I worked on improving the search on this site today. Search has been through a number of iterations. First, I used the basic Movable Type search. But it was slow and I wanted to do some interesting things with search.

So last year, I switched to using a SQL “LIKE” query to return two-tiered results, first from the title and keywords, then from the body and extended body. This has worked really well so far.

However, one thing bothered me about it: LIKE has no concept of word boundaries. This…

WHERE entry_text LIKE '%date%'

…returns matches for “date,” “update,” “datebook,” “candidateship,” etc. So, I changed it a while ago to this syntax:

WHERE CONCAT(' ',entry_text,' ') LIKE CONCAT('% ','date',' %')

Basically, I started looking for the search term with a space on either side. This turned out to be an astoundingly stupid way to do it. What happens when the search term ends a sentence? Or begins the entry? Newlines, periods, and question marks are not spaces. Duh.

Today, however, I found the right way to do it:

WHERE entry_text RLIKE '[[:<_3a_5d_5d_date5b_5b_3a_>:]]'

Those bracket-y things are MySQL’s character classes for word boundaries. So it’s like my “tack a space on either side” method, but it includes anything that’s not a word. Very handy.

(But why don’t I just use MySQL’s full-text indexing, you ask? Because this is a hosted server, so I have to live with all the default MySQL settings. And the default settings exclude any word of less than four characters from being indexed. So three-letter acronyms like PHP, PDF, JSP, etc. wouldn’t be in the index, and for a site like this, that’s kind of a showstopper.)

I also did a little hacking of the search phrase you submit. For instance, searching for…

windows update

…will give you different results than if you search for…

"windows update"

Essentially, I tokenize the string but group quoted passages together.
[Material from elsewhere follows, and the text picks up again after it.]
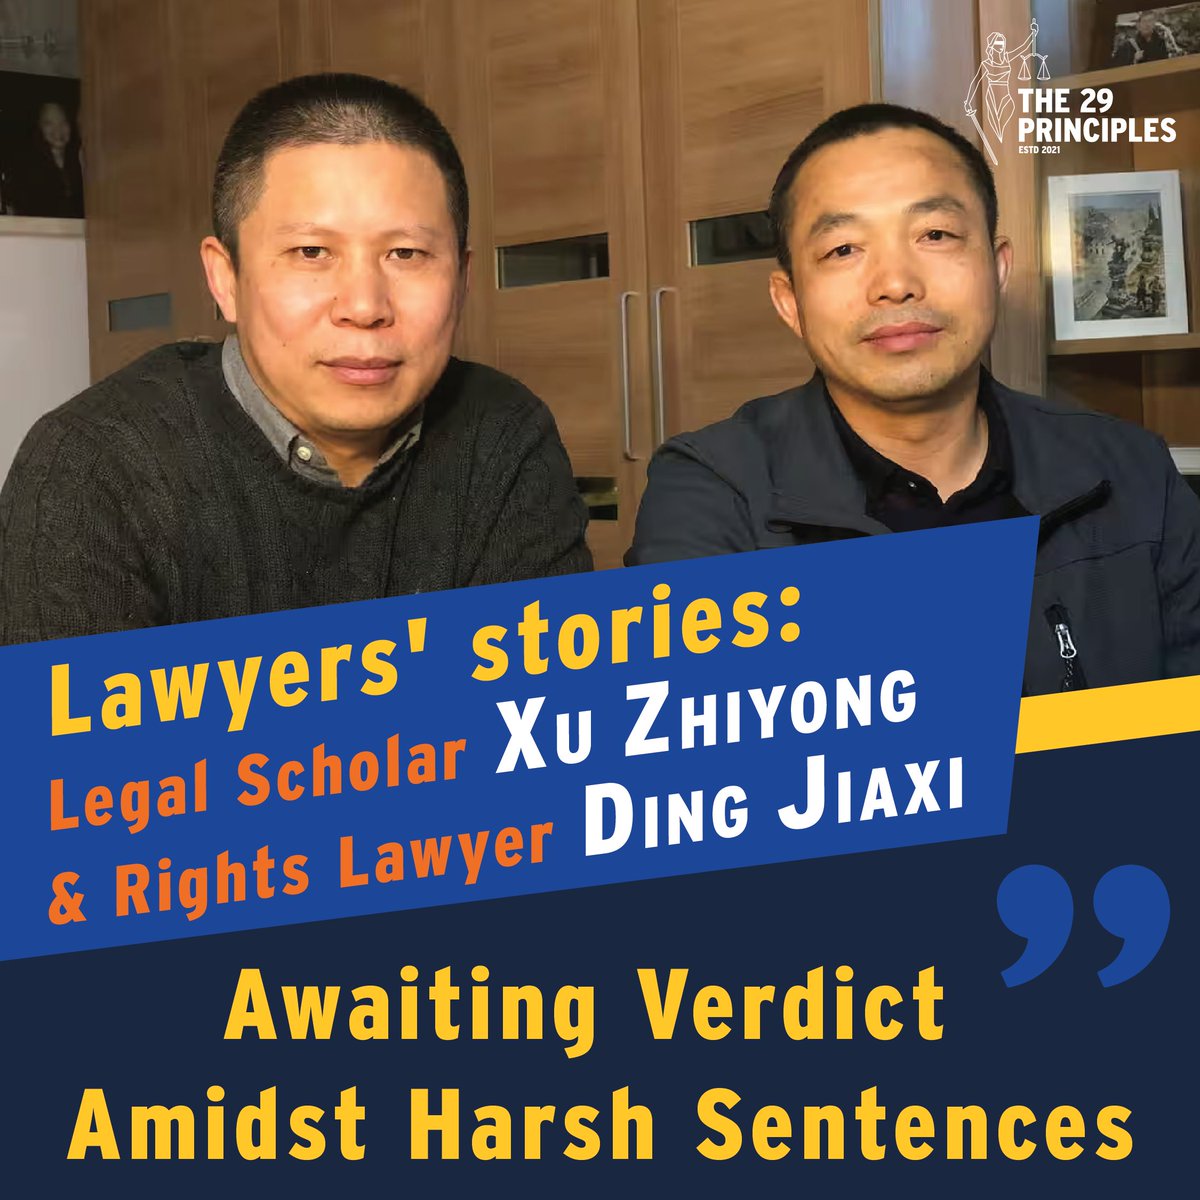 [Feature story] #XuZhiyong and #DingJiaxi face harsh sentences for their peaceful activism. The feature story highlights how they became targets of officials and the pressure faced by their loved ones and families. Full story (Chinese only) : 29principles.uk/zh-hant/DJXZ

So, this…

"four score and seven years ago" abraham lincoln gettysburg

…would get tokenized like this:

Array
(
    [0] => four score and seven years ago
    [1] => abraham
    [2] => lincoln
    [3] => gettysburg
)

Finally, I included some stop words to save my database some work. This…

The penguin is the mascot of Linux

…gets reduced to this…

Array
(
    [0] => penguin
    [1] => mascot
    [2] => linux
)

So, I’m hoping to shake a few bugs out of it in the next few weeks, then I’ll post the class so anyone who wants to can take a look at it.

Gadgetopia
What Links Here

Comments

  1. LIKE does indeed have reference of word boundries. where column like ‘text%’ …would match “textblah” and “textyo” but not “yotext”. where column like ‘%text’ …would match “blahtext” and “yotext”, but not “textyo”.

    gilbert.

  2. I have to disagree with you, Gilbert. I’m quite aware of the code you provided, but what does that have to do with word boundaries? If I did this…

    LIKE ‘date’

    …then it’s the same as…

    = ‘date’

    ..so I’m no better off. This…

    LIKE ‘%date’

    …would still hit on ‘update’. This…

    LIKE ‘date%’

    …would still hit on ‘datebook’. This…

    LIKE ‘%date%’

    …would still hit ‘candidateship’. The code I provided, however, is like this:

    LIKE ‘[any non-word character]date[any non-word character]’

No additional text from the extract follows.